This introduces no functional change from current behaviour.
Signed-off-by: Bill Sumner <[email protected]>
---
drivers/iommu/intel-iommu-private.h | 363 ++++++++++++++++++++++++++++++++++++
drivers/iommu/intel-iommu.c | 345 +---------------------------------
2 files changed, 364 insertions(+), 344 deletions(-)
create mode 100644 drivers/iommu/intel-iommu-private.h
diff --git a/drivers/iommu/intel-iommu-private.h b/drivers/iommu/intel-iommu-private.h
new file mode 100644
index 0000000..480399c
--- /dev/null
+++ b/drivers/iommu/intel-iommu-private.h
@@ -0,0 +1,363 @@
+/*
+ * Copyright (c) 2006, Intel Corporation.
+ *
+ * This program is free software; you can redistribute it and/or modify it
+ * under the terms and conditions of the GNU General Public License,
+ * version 2, as published by the Free Software Foundation.
+ *
+ * This program is distributed in the hope it will be useful, but WITHOUT
+ * ANY WARRANTY; without even the implied warranty of MERCHANTABILITY or
+ * FITNESS FOR A PARTICULAR PURPOSE. See the GNU General Public License for
+ * more details.
+ *
+ * Copyright (C) 2006-2008 Intel Corporation
+ * Author: Ashok Raj <[email protected]>
+ * Author: Shaohua Li <[email protected]>
+ * Author: Anil S Keshavamurthy <[email protected]>
+ * Author: Fenghua Yu <[email protected]>
+ */
+
+
+#define ROOT_SIZE VTD_PAGE_SIZE
+#define CONTEXT_SIZE VTD_PAGE_SIZE
+
+#define IS_GFX_DEVICE(pdev) ((pdev->class >> 16) == PCI_BASE_CLASS_DISPLAY)
+#define IS_ISA_DEVICE(pdev) ((pdev->class >> 8) == PCI_CLASS_BRIDGE_ISA)
+#define IS_AZALIA(pdev) ((pdev)->vendor == 0x8086 && (pdev)->device == 0x3a3e)
+
+#define IOAPIC_RANGE_START (0xfee00000)
+#define IOAPIC_RANGE_END (0xfeefffff)
+#define IOVA_START_ADDR (0x1000)
+
+#define DEFAULT_DOMAIN_ADDRESS_WIDTH 48
+
+#define MAX_AGAW_WIDTH 64
+#define MAX_AGAW_PFN_WIDTH (MAX_AGAW_WIDTH - VTD_PAGE_SHIFT)
+
+#define __DOMAIN_MAX_PFN(gaw) ((((uint64_t)1) << (gaw-VTD_PAGE_SHIFT)) - 1)

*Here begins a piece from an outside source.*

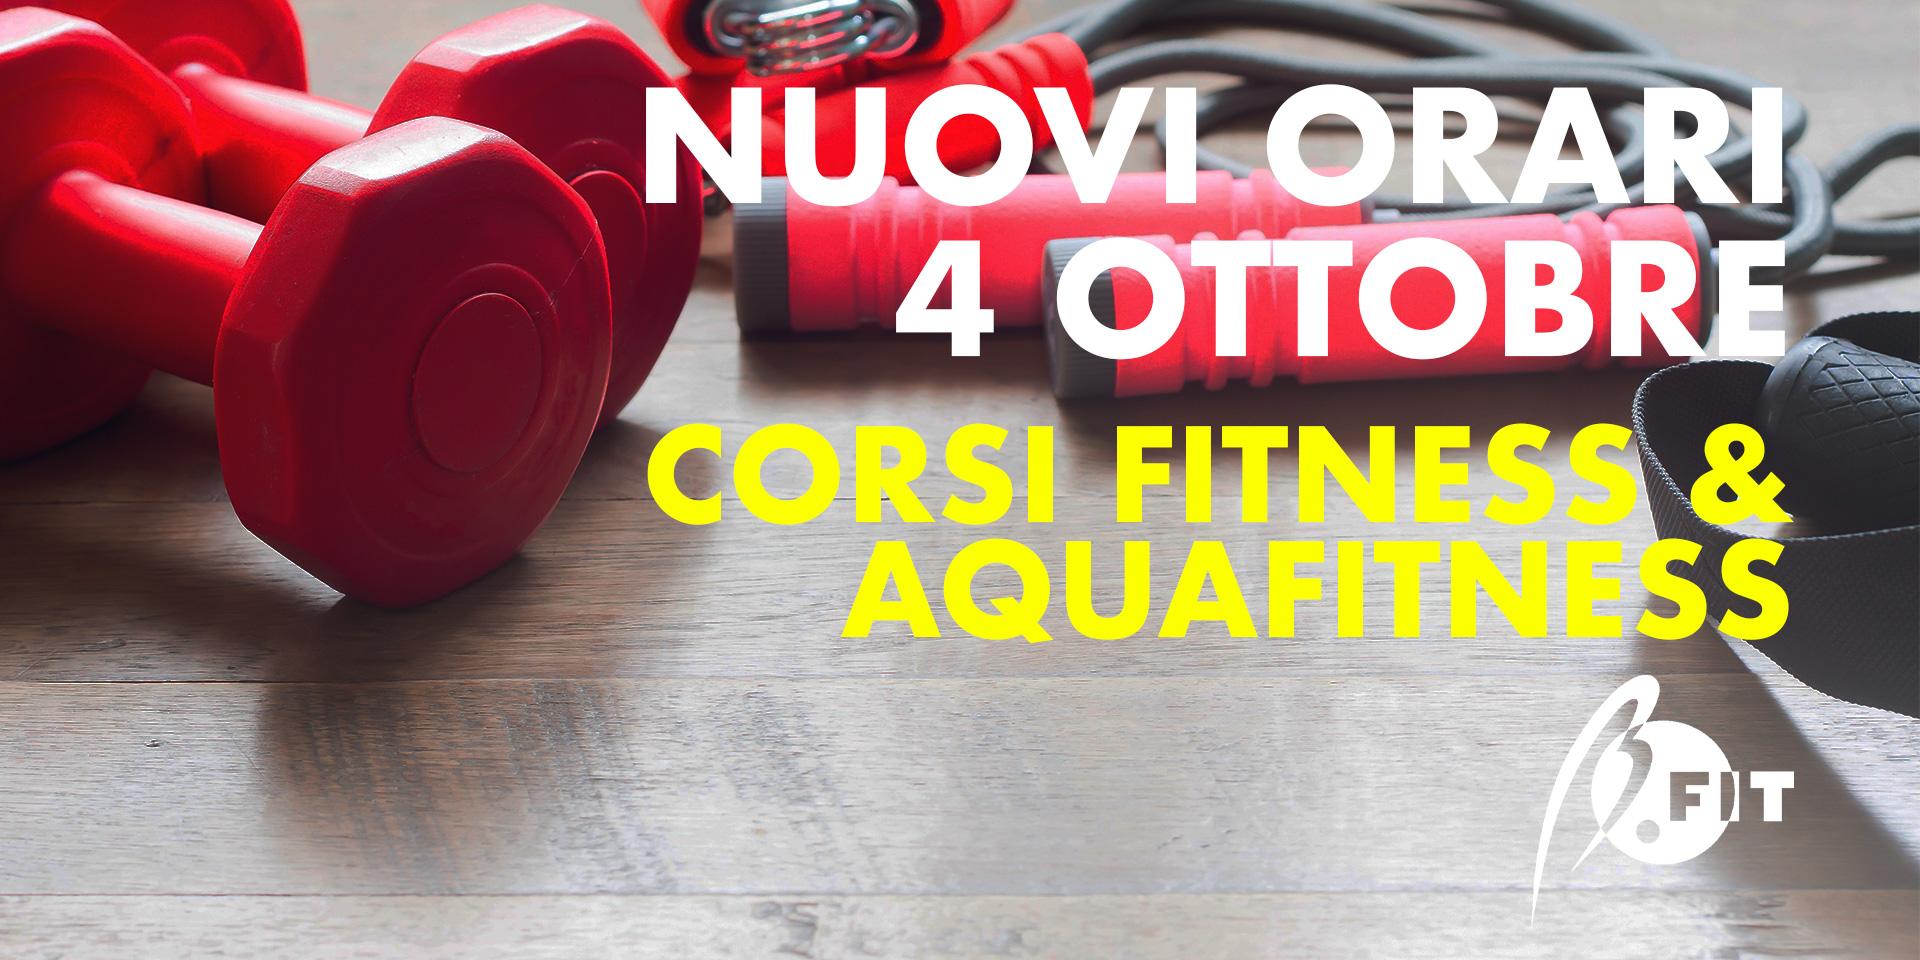 Banner nuovi orari corsi fitness&aquafitness dal 04/10/21
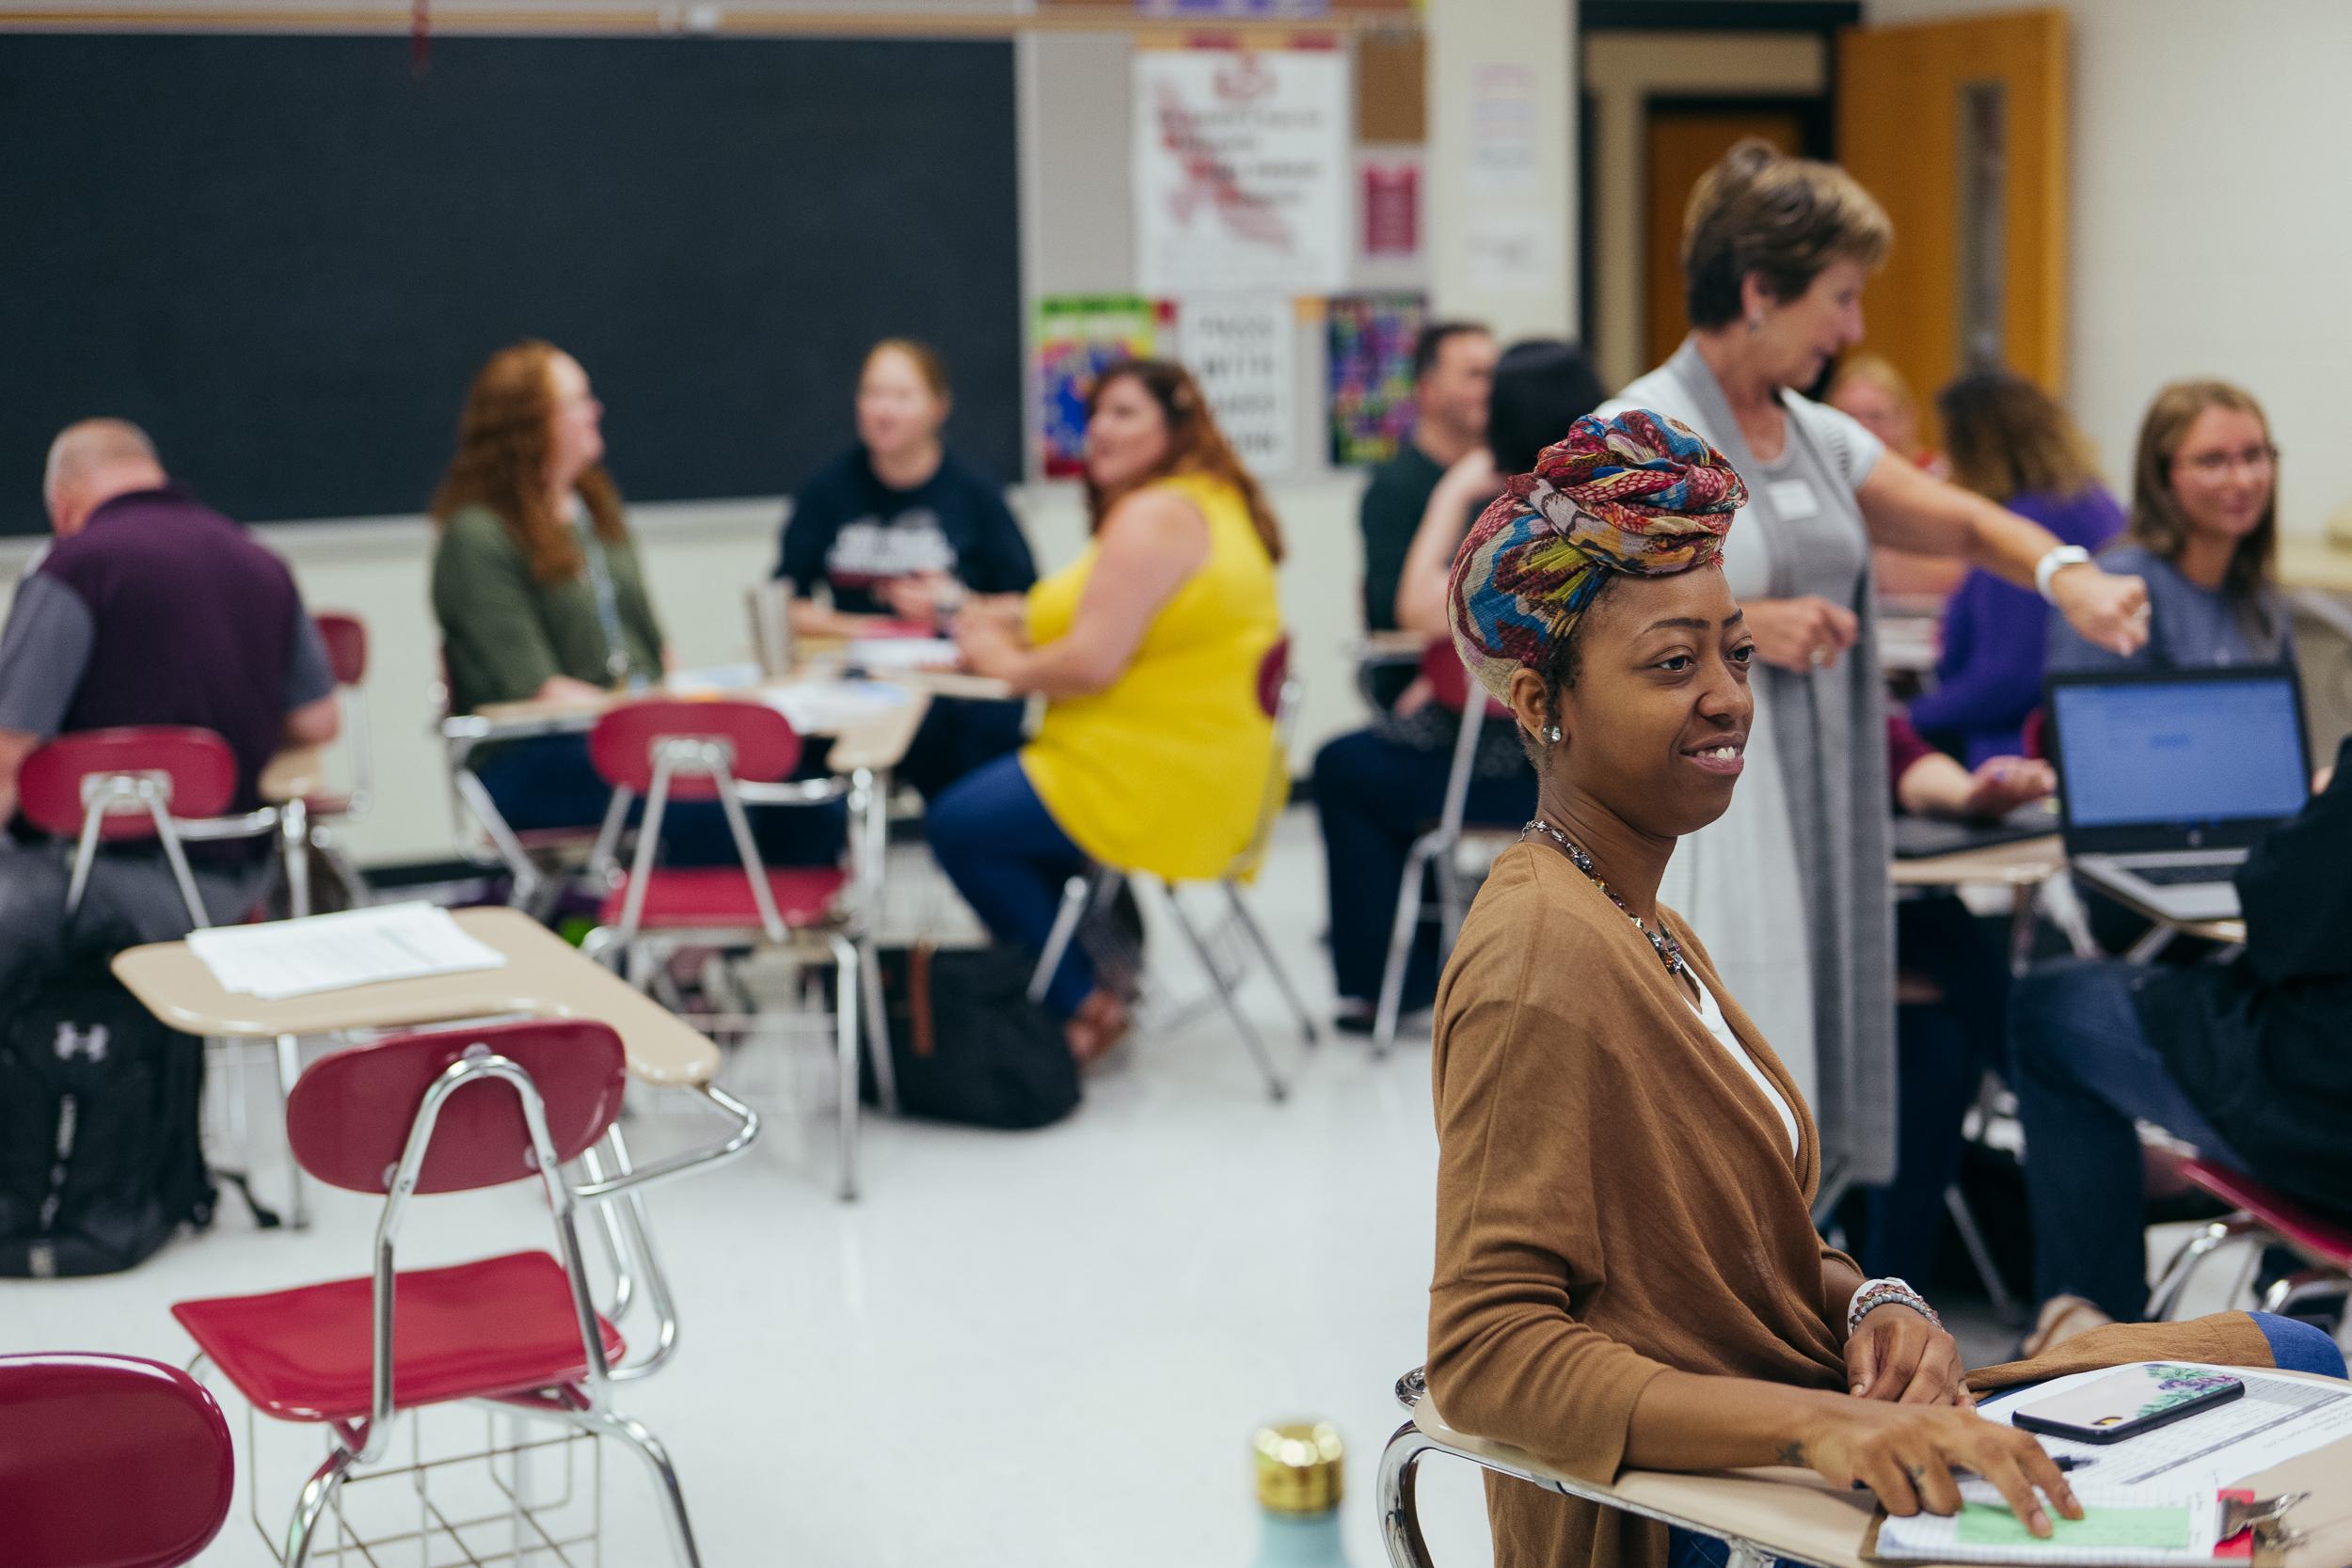 joyful teacher education photography emerging districts ©2019abigailbobophotography-23.jpg

+#define __DOMAIN_MAX_ADDR(gaw) ((((uint64_t)1) << gaw) - 1)
+
+/* We limit DOMAIN_MAX_PFN to fit in an unsigned long, and DOMAIN_MAX_ADDR
+ to match. That way, we can use 'unsigned long' for PFNs with impunity. */
+#define DOMAIN_MAX_PFN(gaw) ((unsigned long) min_t(uint64_t, \
+ __DOMAIN_MAX_PFN(gaw), (unsigned long)-1))
+#define DOMAIN_MAX_ADDR(gaw) (((uint64_t)__DOMAIN_MAX_PFN(gaw)) << \
+ VTD_PAGE_SHIFT)
+
+#define IOVA_PFN(addr) ((addr) >> PAGE_SHIFT)
+#define DMA_32BIT_PFN IOVA_PFN(DMA_BIT_MASK(32))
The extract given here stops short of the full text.